• _WHAT IS EXPECTED_
Output, exactly as written, the lines below starting at the line containing "babys only 0203901" and ending at the line containing "Kev and Shrabani". Drop the pictures and keep both end lines.

• _EXTRACTED RECORDS_
----------------

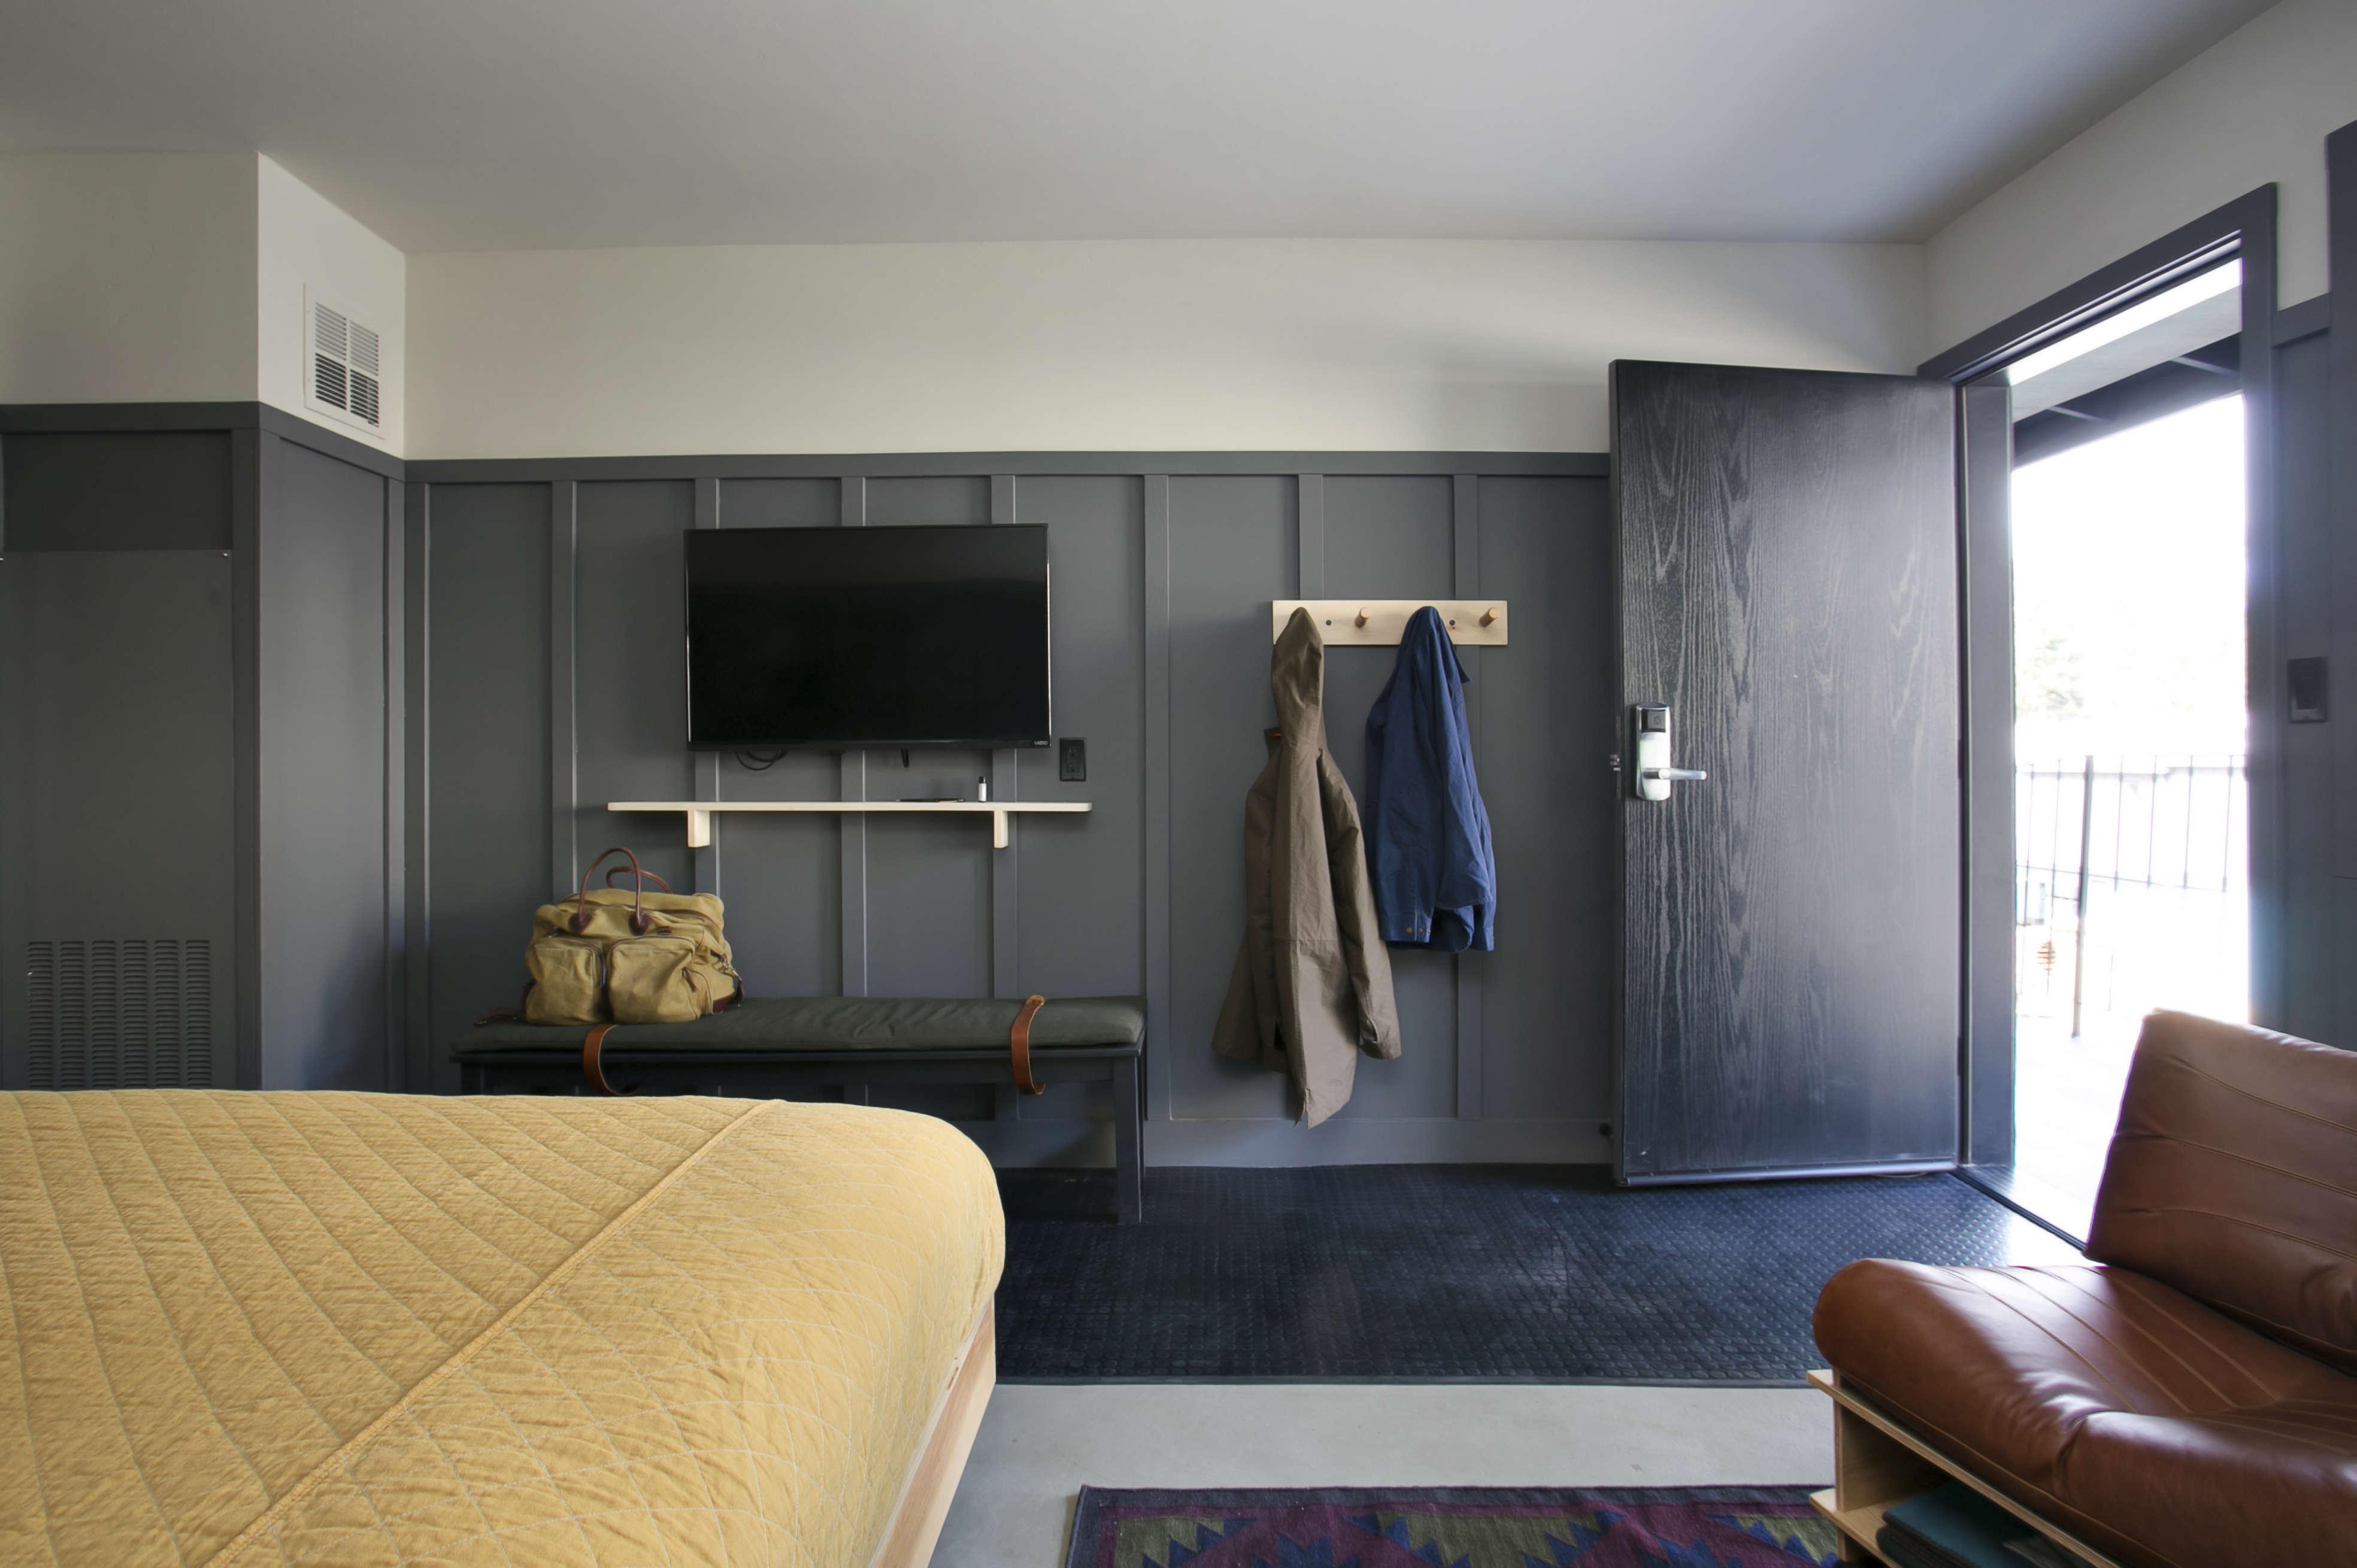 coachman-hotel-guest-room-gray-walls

----------------

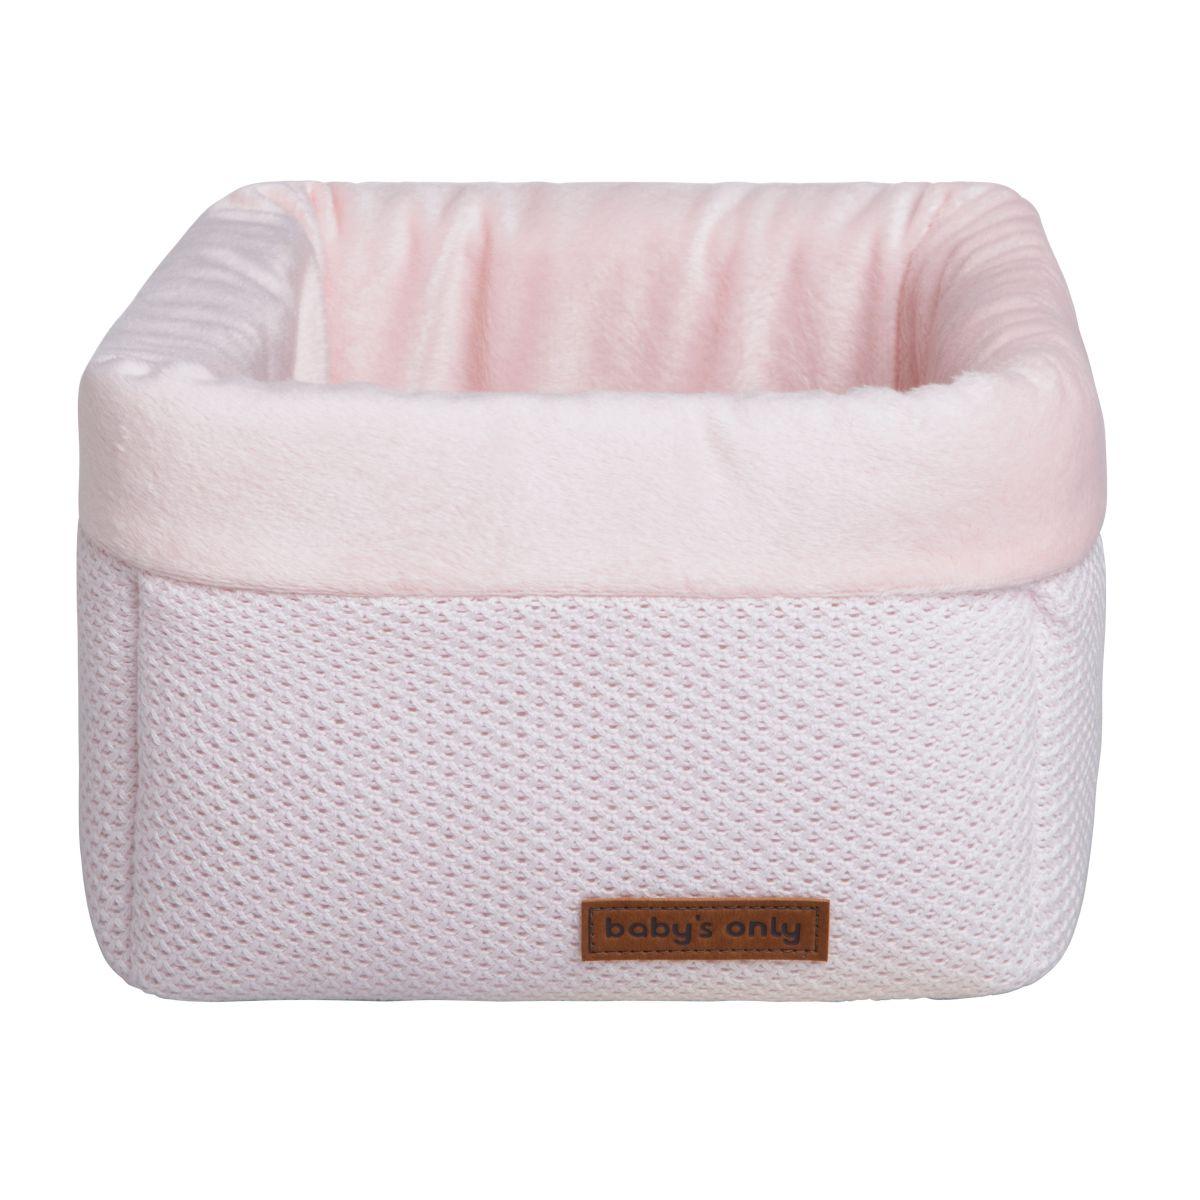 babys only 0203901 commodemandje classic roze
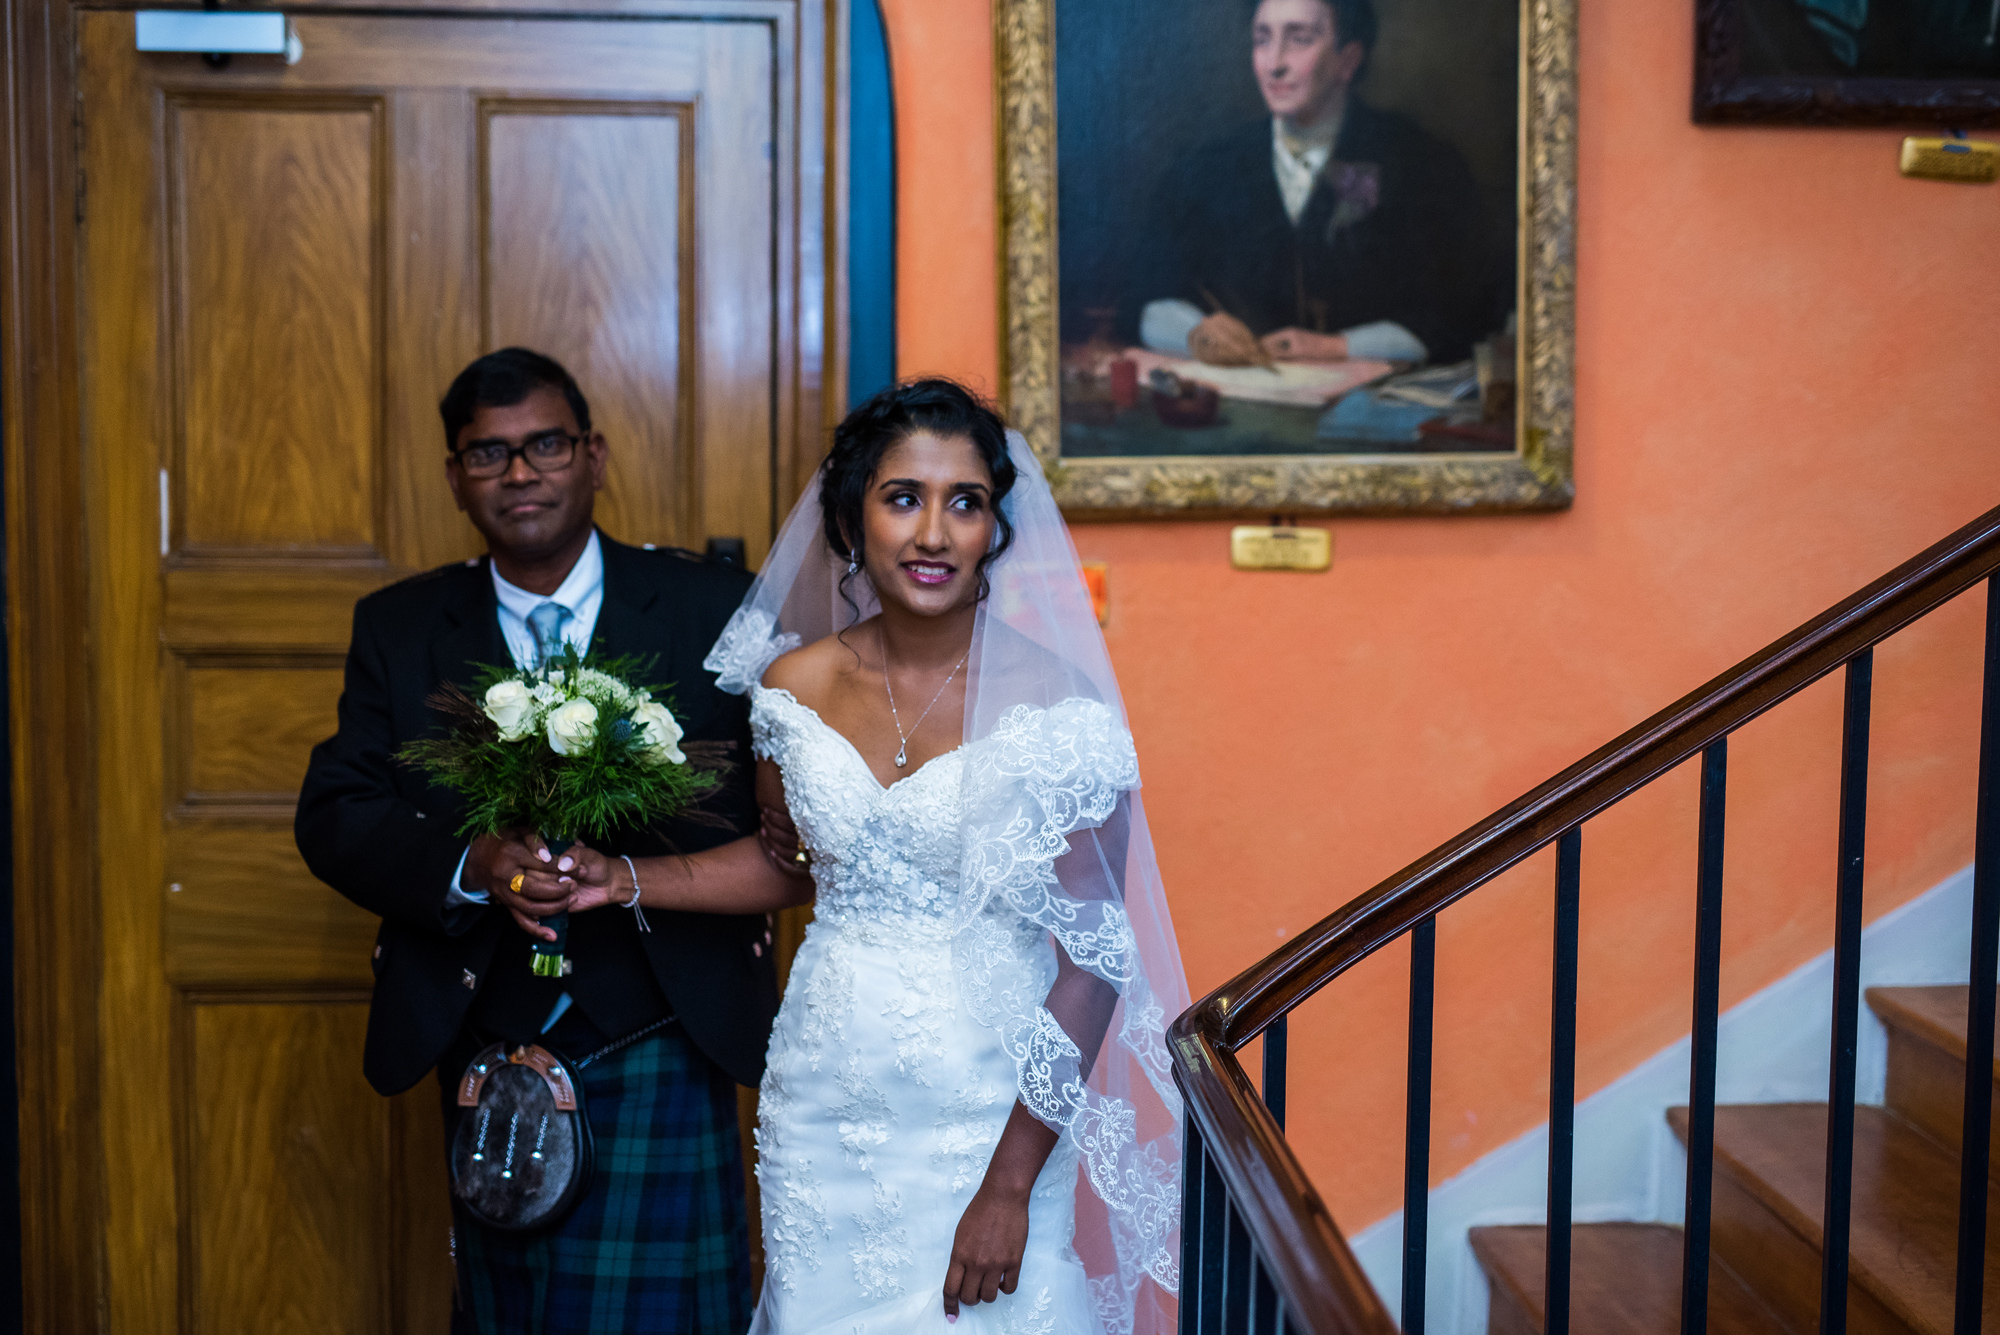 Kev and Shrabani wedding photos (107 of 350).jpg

----------------

• _ANSWER_
 babys only 0203901 commodemandje classic roze
 Kev and Shrabani wedding photos (107 of 350).jpg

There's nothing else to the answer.